WHAT YOU NEED TO DO:
When you copy the data that follows, reproduce every word exactly and leave out the images.

SUPPLIED DATA:
- - - - -

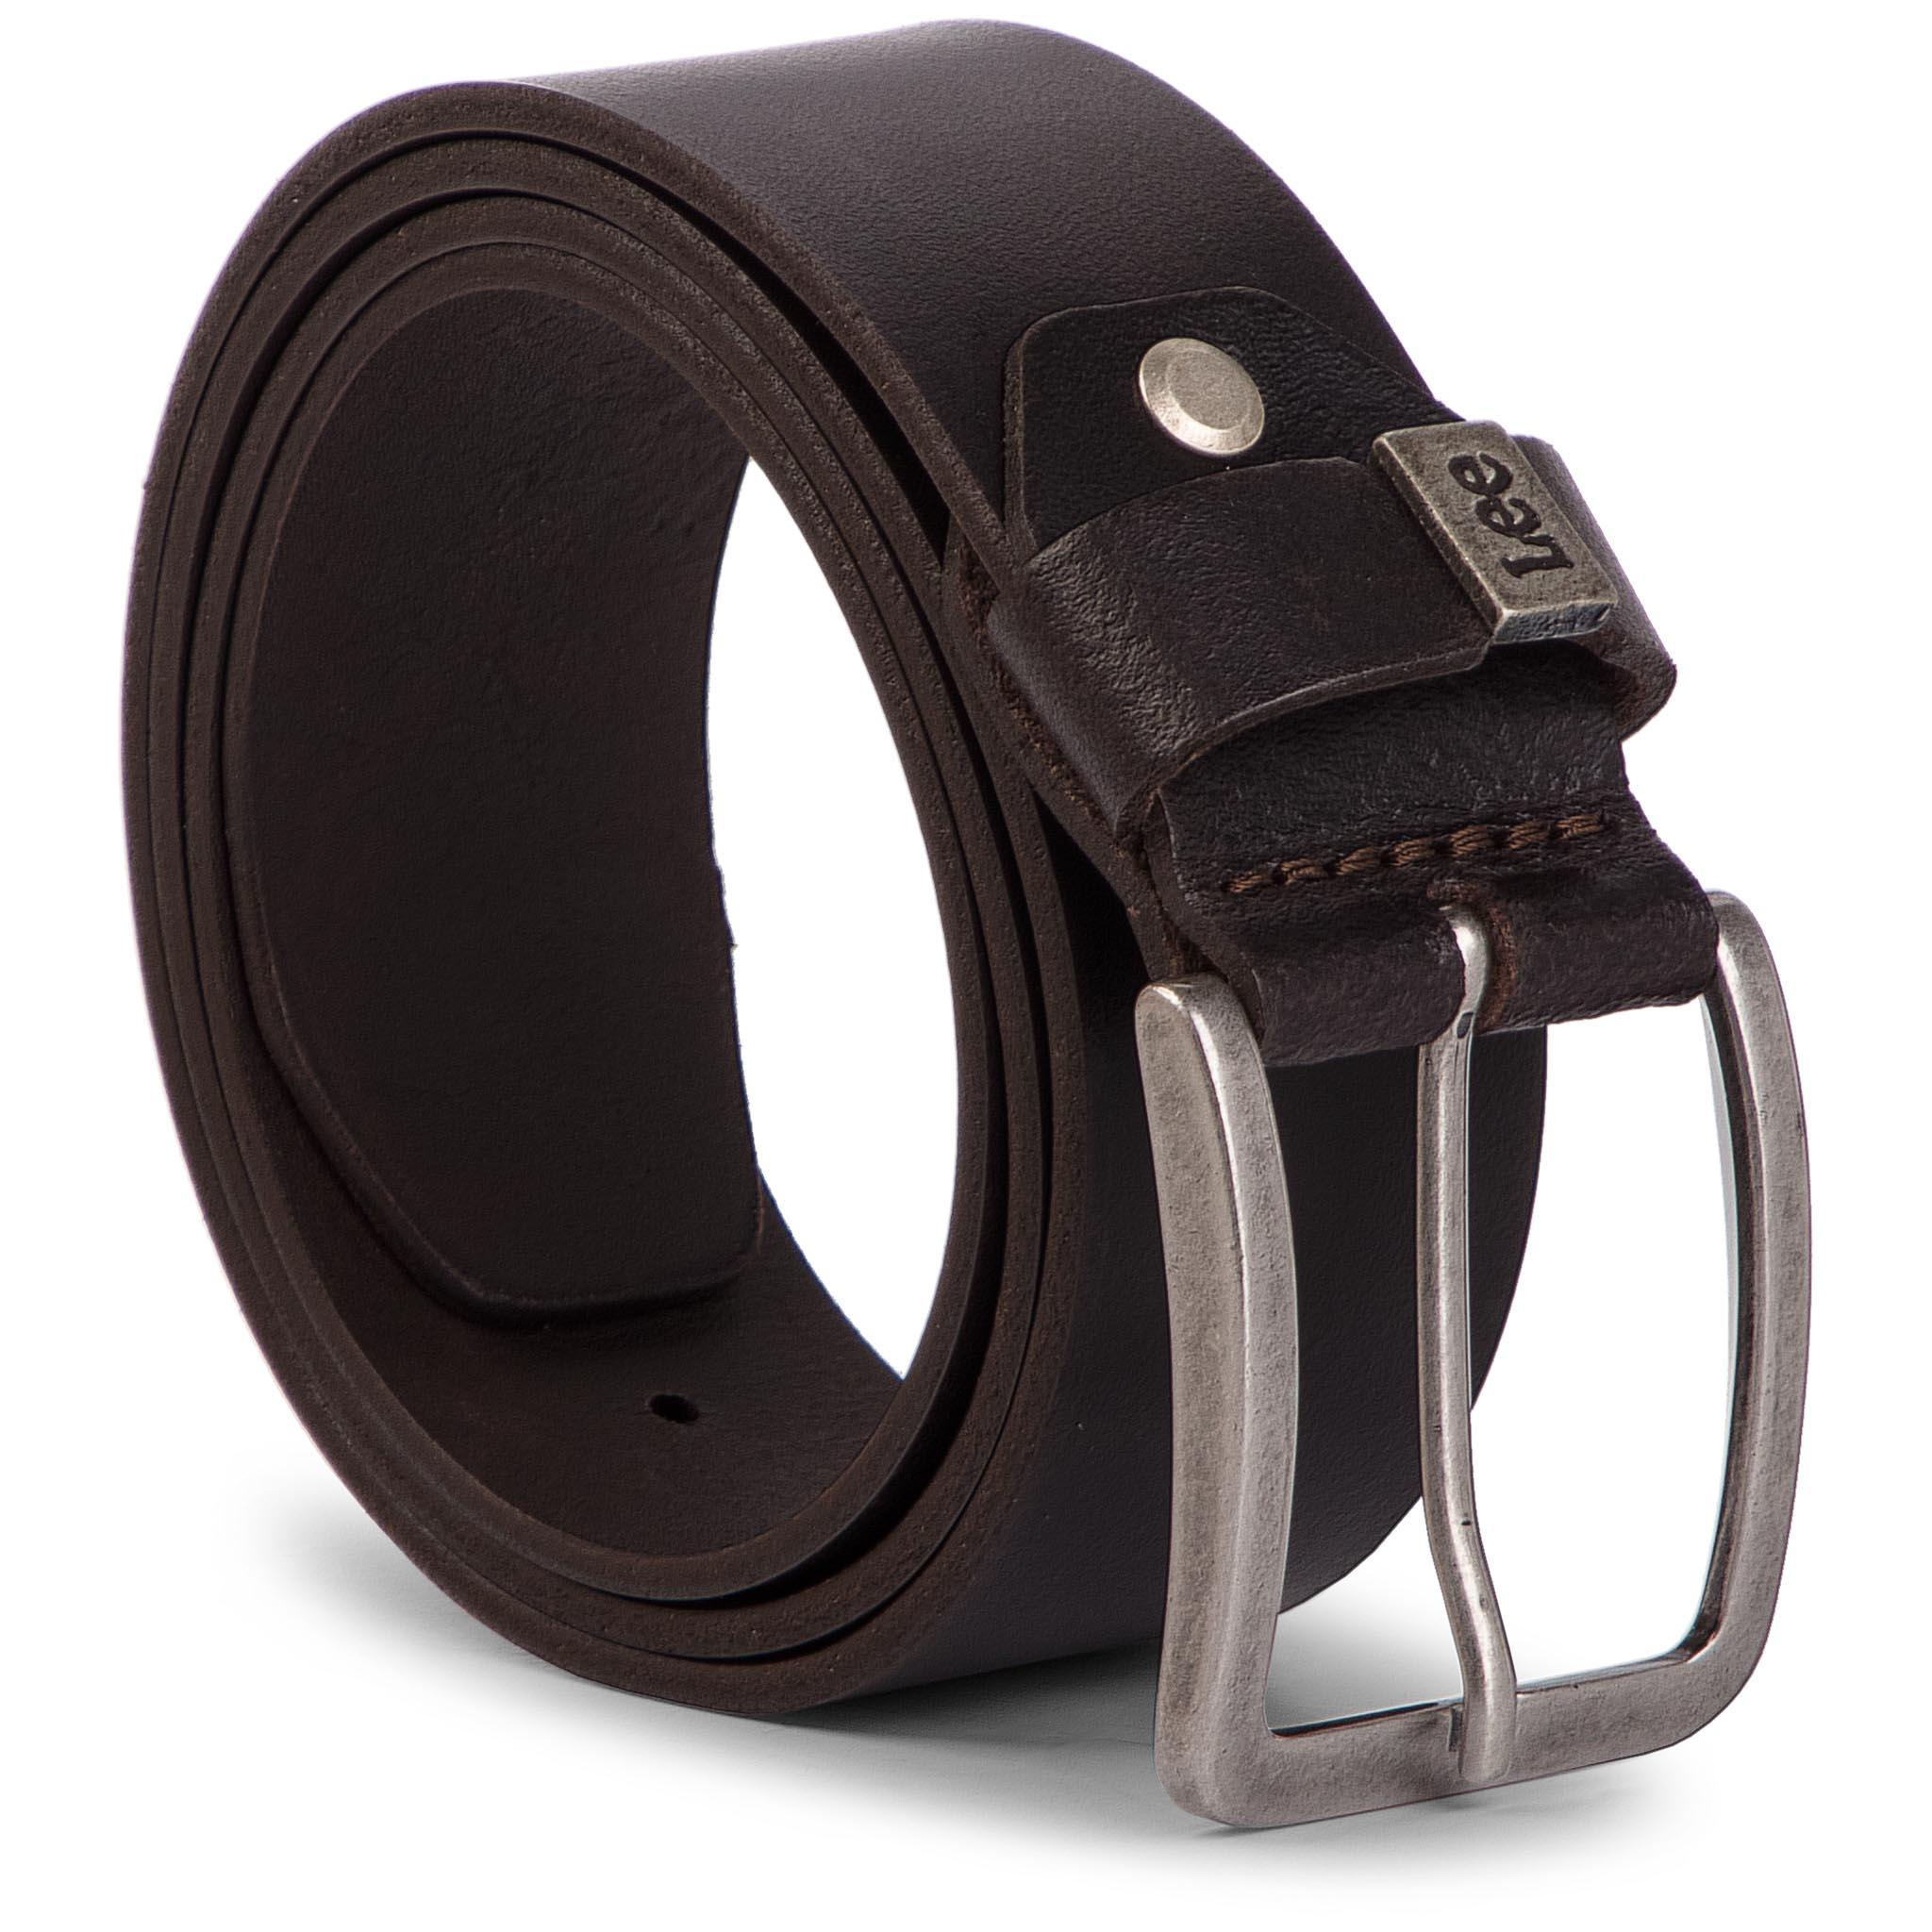 Image of Cintura da uomo LEE - Small Logo Belt LA035324 85 Dark Brown
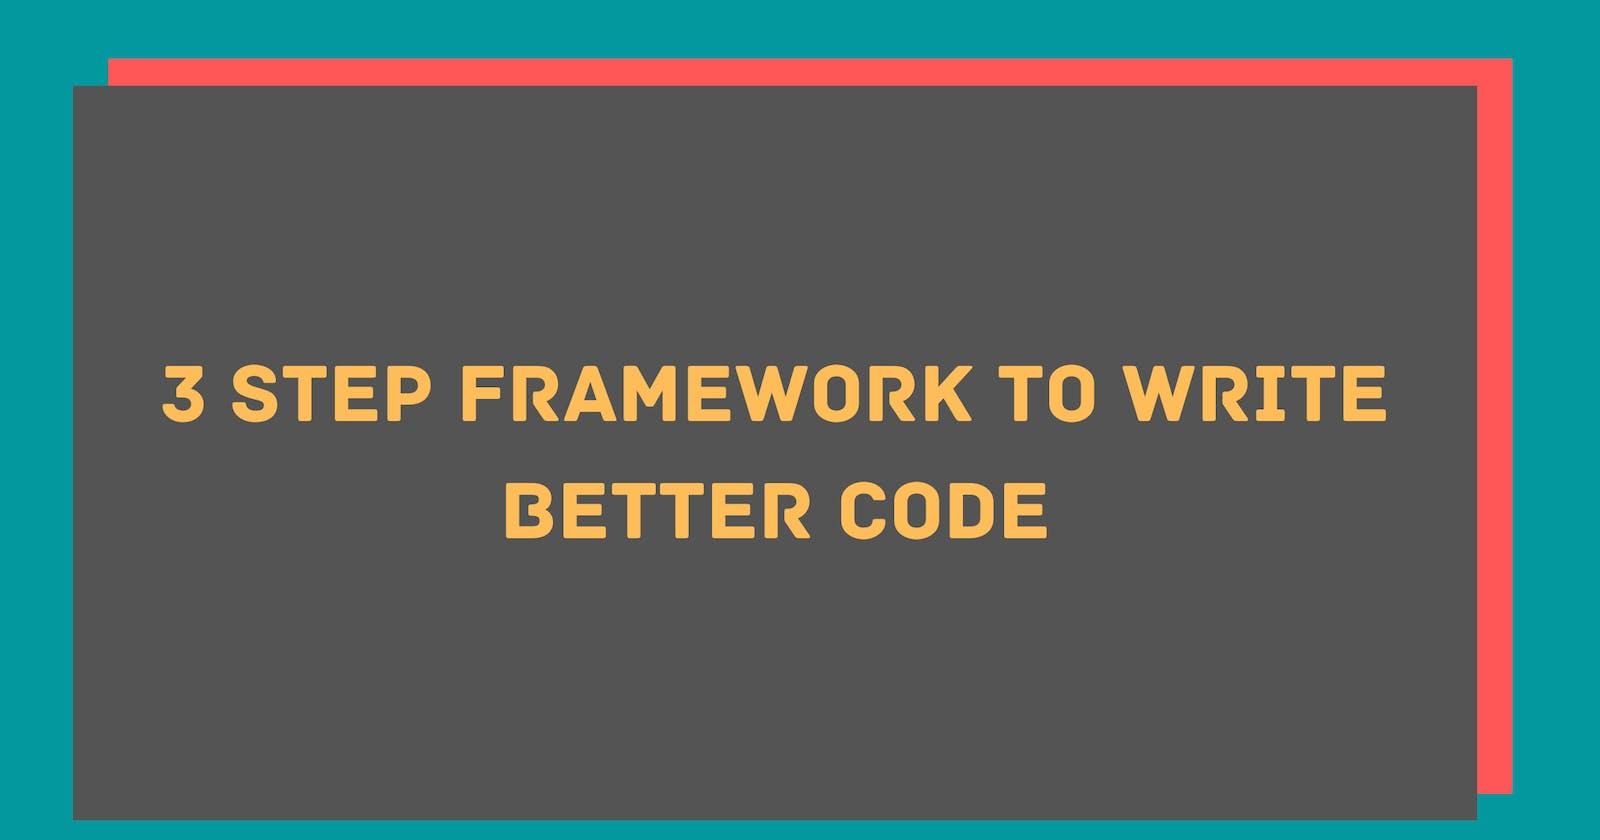 3 step framework to write better code
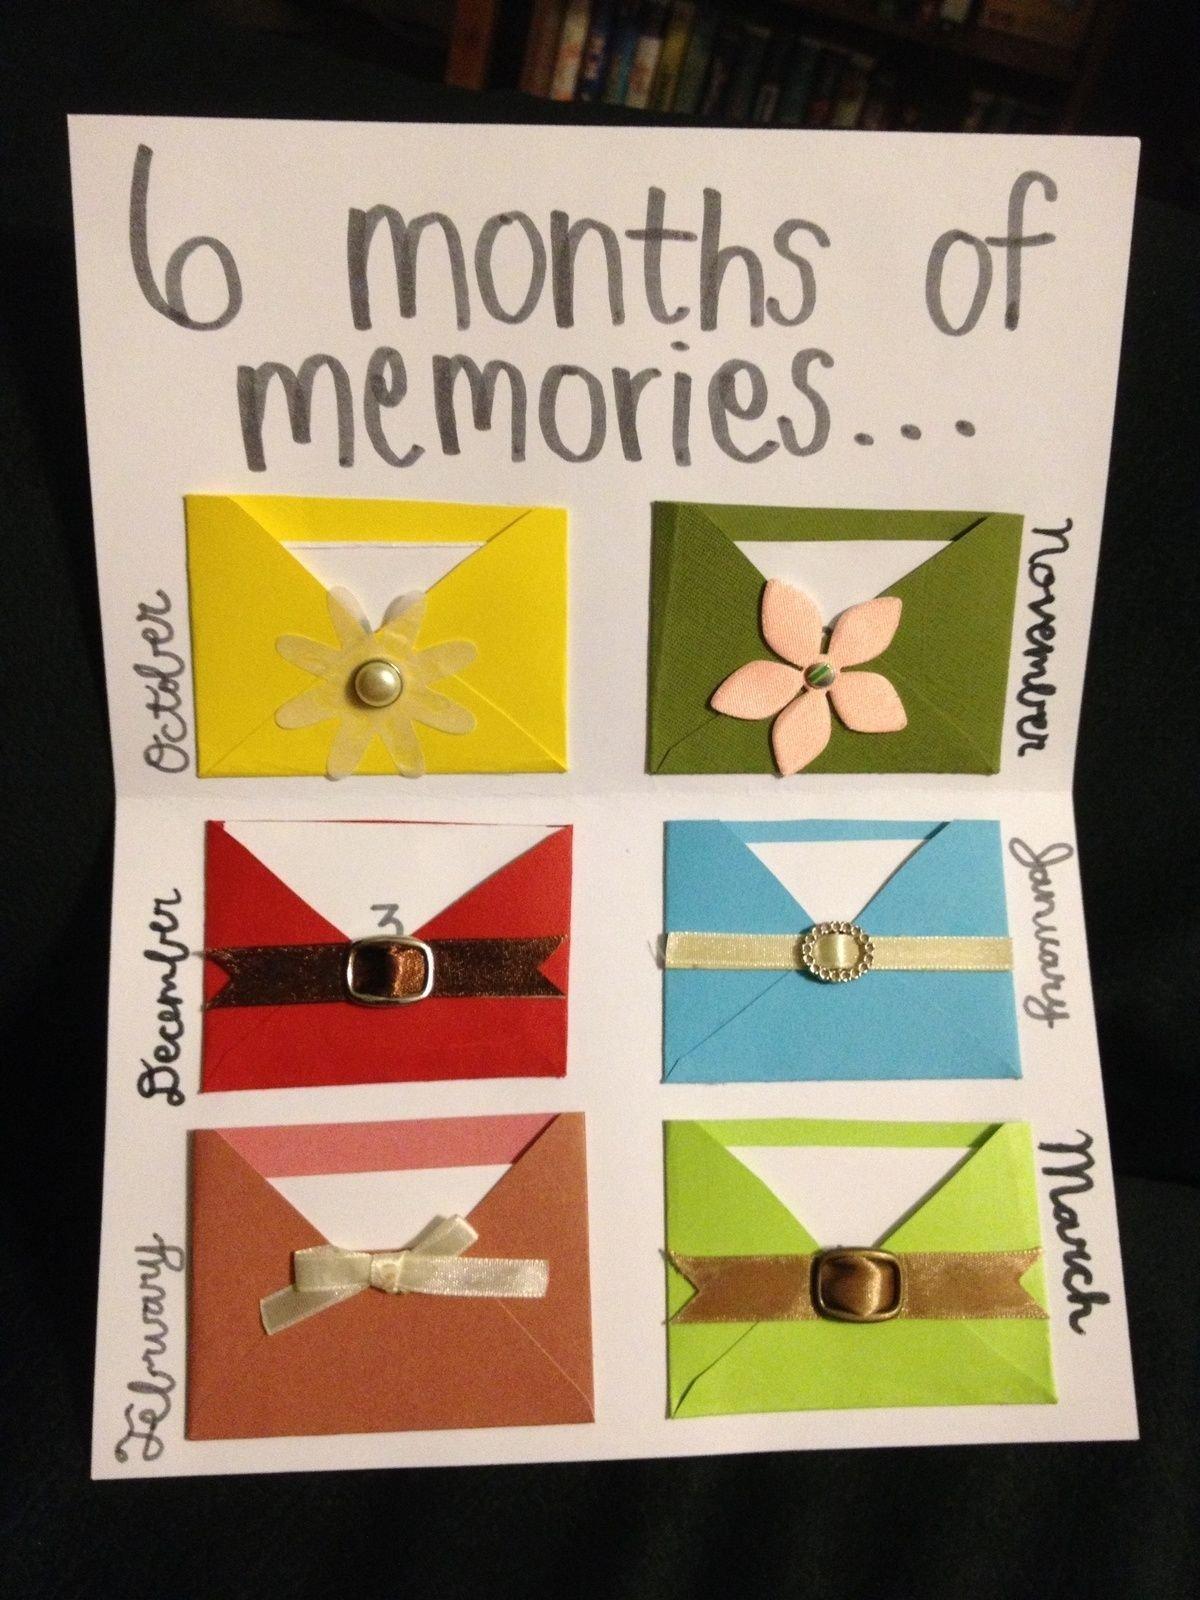 10 Most Recommended Cute 6 Month Anniversary Ideas e4d5368026f67b6ca6064cc2d8c9fcc8 1 200x1 600 pixeles pinteres 8 2021

- - - - -

OUTPUT OF THE TASK:
 Image of Cintura da uomo LEE - Small Logo Belt LA035324 85 Dark Brown
 3 step framework to write better code
 10 Most Recommended Cute 6 Month Anniversary Ideas e4d5368026f67b6ca6064cc2d8c9fcc8 1 200x1 600 pixeles pinteres 8 2021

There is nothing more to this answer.